Today I wish to present a new post of NIMH’s director Dr. Thomas Insel, that talks about the importance of research that explores the frontiers of science and funding efforts to encourage innovative research:

Julius Axelrod was one of NIMH’s greatest scientists and mentors for five decades until his death in 2004 at age 92. In addition to his many discoveries – which led to his 1970 Nobel Prize – Julie, as he was known, was famous for his aphorisms. One was his saying that “98 percent of the discoveries are made by 2 percent of the scientists.” While this might sound arrogant or elitist to some, data emerging over the past few years support the notion that much of our scientific endeavor involves following the herd and, importantly, that the herd grazes on not much more than 2 percent of the available land.

In a paper published last year in Nature entitled “Too many roads not taken,” Aled Edwards and his colleagues provide a nice example of this instinct.1 The class of enzymes called kinases are critical biological gatekeepers, and many are potentially involved in diseases of the brain. Although there are over 500 protein kinases known from the human genome, about 65 percent of the 20,000 kinase papers published in 2009 focused on the same 50 that were being studied in the early 1990’s. This narrow focus has persisted after many of the unexplored kinases showed up in unbiased genomic screens as potentially related to diseases.

The narrow focus of our science is even more conspicuous in this age of “-omics” – when we can study all of the genes, all of the transcripts, or all of the proteins without a hypothesis. Although we thought the fields of genomics, transcriptomics, and proteomics had defined the universe of roads not taken, recent publications from the ENCODE project reveal a dramatic expansion of this universe.2 ENCODE is a landmark effort that is mapping the working parts of the human genome and exposing just how limited our exploration has been to date. Researchers have focused mostly on the 2 percent of the genome that belongs to genes, but we now know that 80 percent of the genome is translated. In fact, the genome codes for a range of important biological signaling molecules, many of which are still being identified.
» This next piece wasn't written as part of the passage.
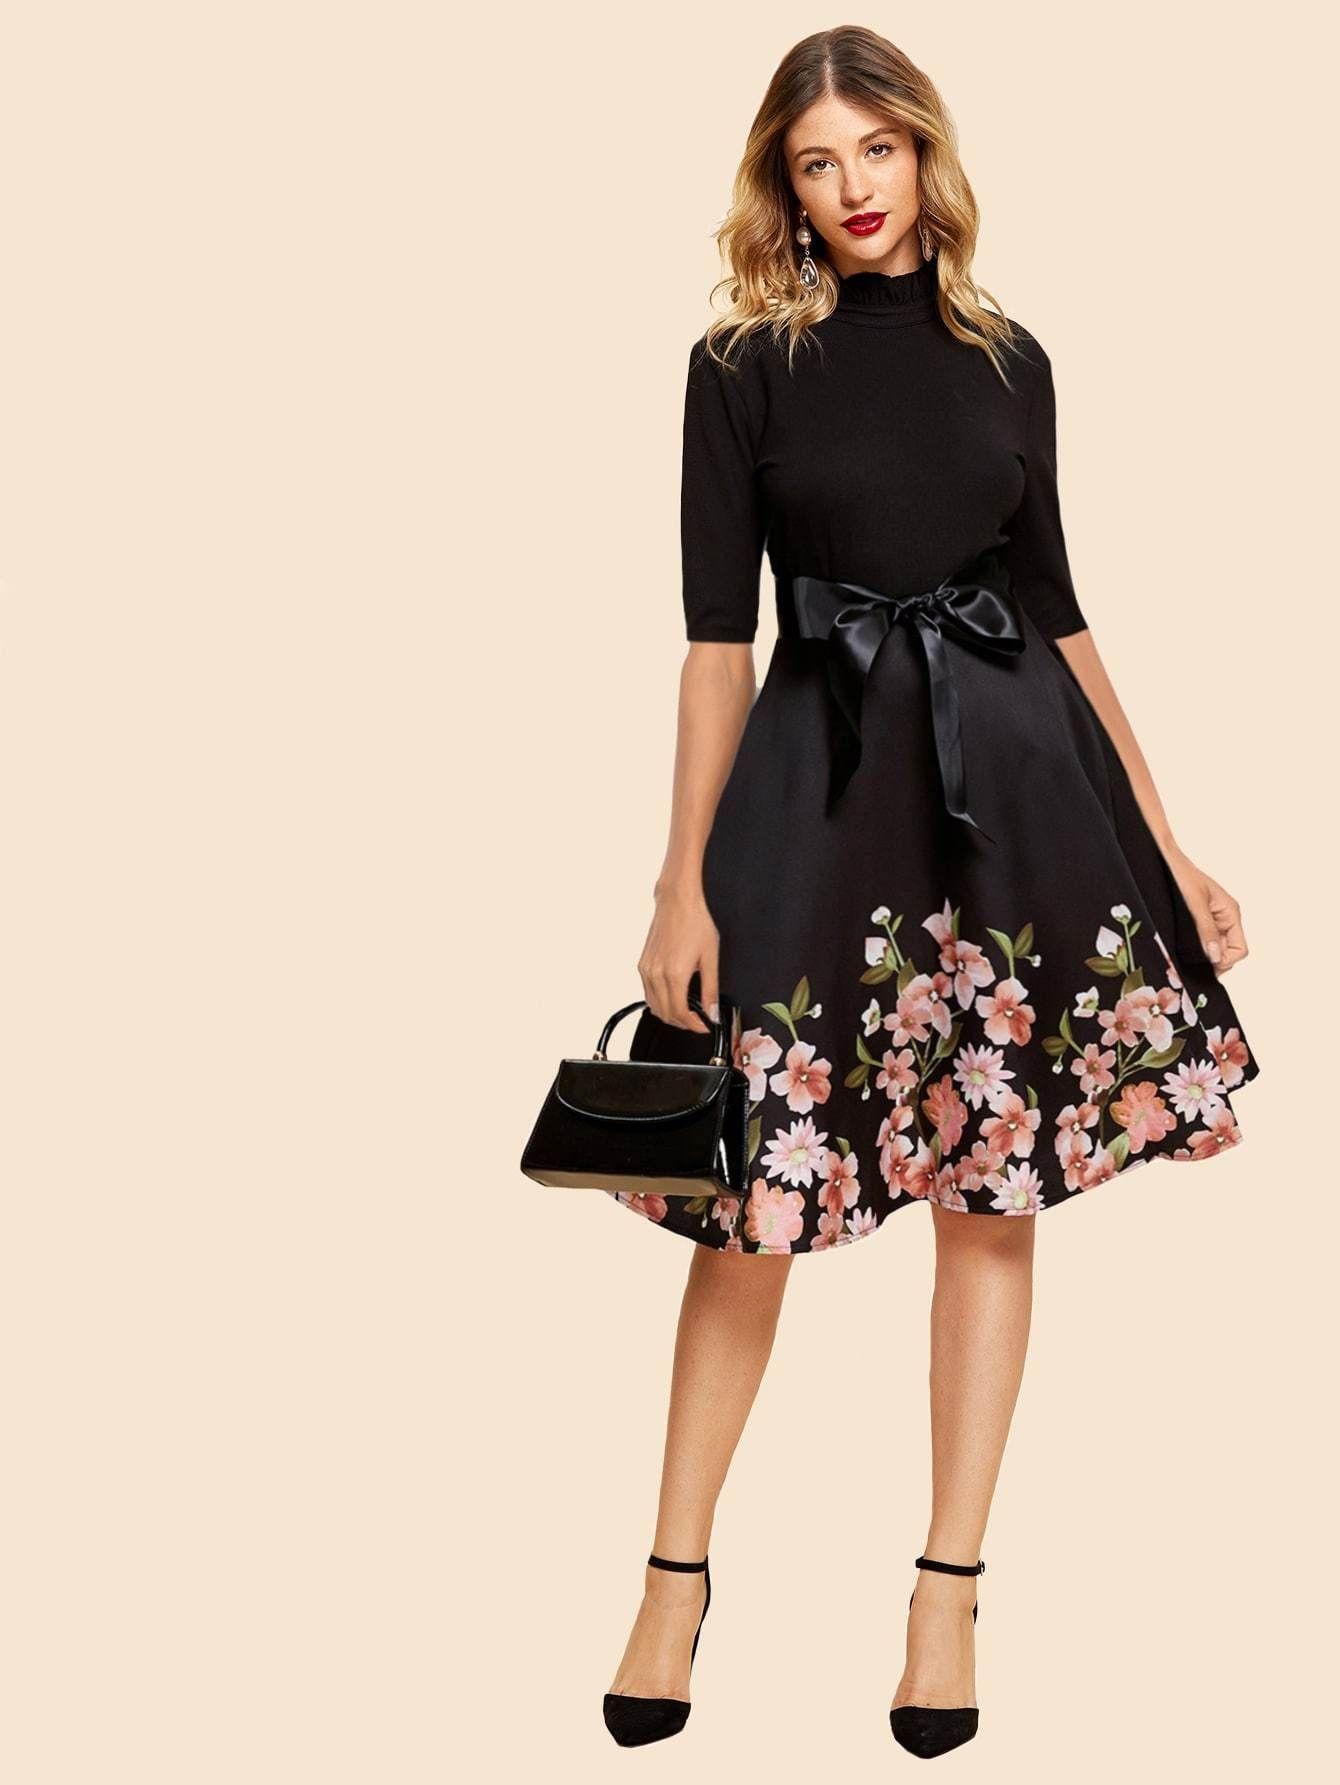 65992826e8 50s tie front floral print dress. #dresses #clothing #women #fashion ...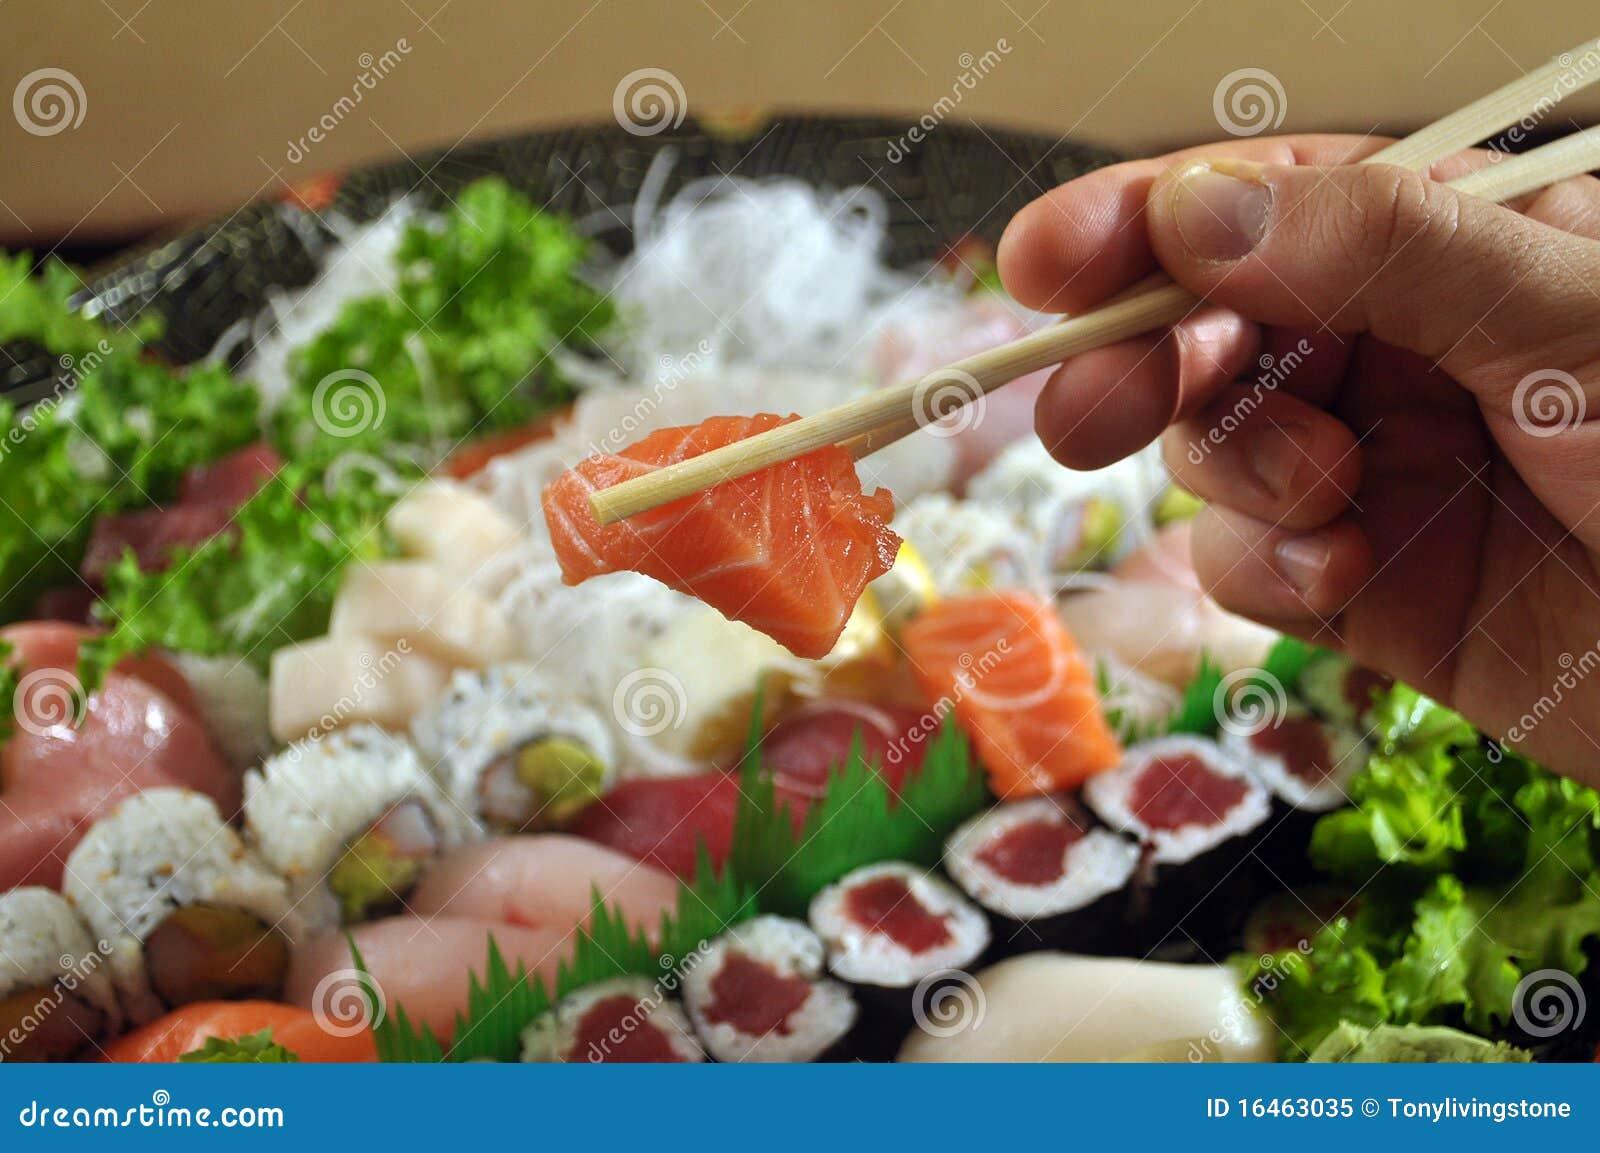 eating sushi royalty free stock photo image 16463035. Black Bedroom Furniture Sets. Home Design Ideas

For the past 50 years, NIMH researchers have focused on a few pages of this vast text, assuming that dopamine and serotonin were most of what we needed to know about the biology of mental disorders. Where we have been is akin to colonial North America where the overwhelming majority of the population remained on a small fraction of the continent and the Midwest and West were frontiers explored by very few.

How do we encourage exploration of the vast frontiers of biology? How do we nudge the scientific field toward the unknown? In truth, much of what we currently do reinforces herd behavior. NIMH funding is guided largely by a system of peer review, and peer review tends to reward the familiar or, at best, small steps. But the problem is much more fundamental than this. Scientific training is based on an apprenticeship model, with the focus placed on following a mentor, not on breaking for a frontier. Furthermore, academic success requires publishing, which is most easily accomplished by remaining where the tools are good, the field is safe, and the territory is familiar. Not all kinases, for example, are equally easy to study. Successful scientists know to focus on problems that have a good chance of being solved. As the British biologist Sir Peter Medawar noted, “Science is the art of the soluble.” But the targets that are easiest to study are not always the most important. We have created a world of incentives for looking where the light is, even if that is not where the keys were lost.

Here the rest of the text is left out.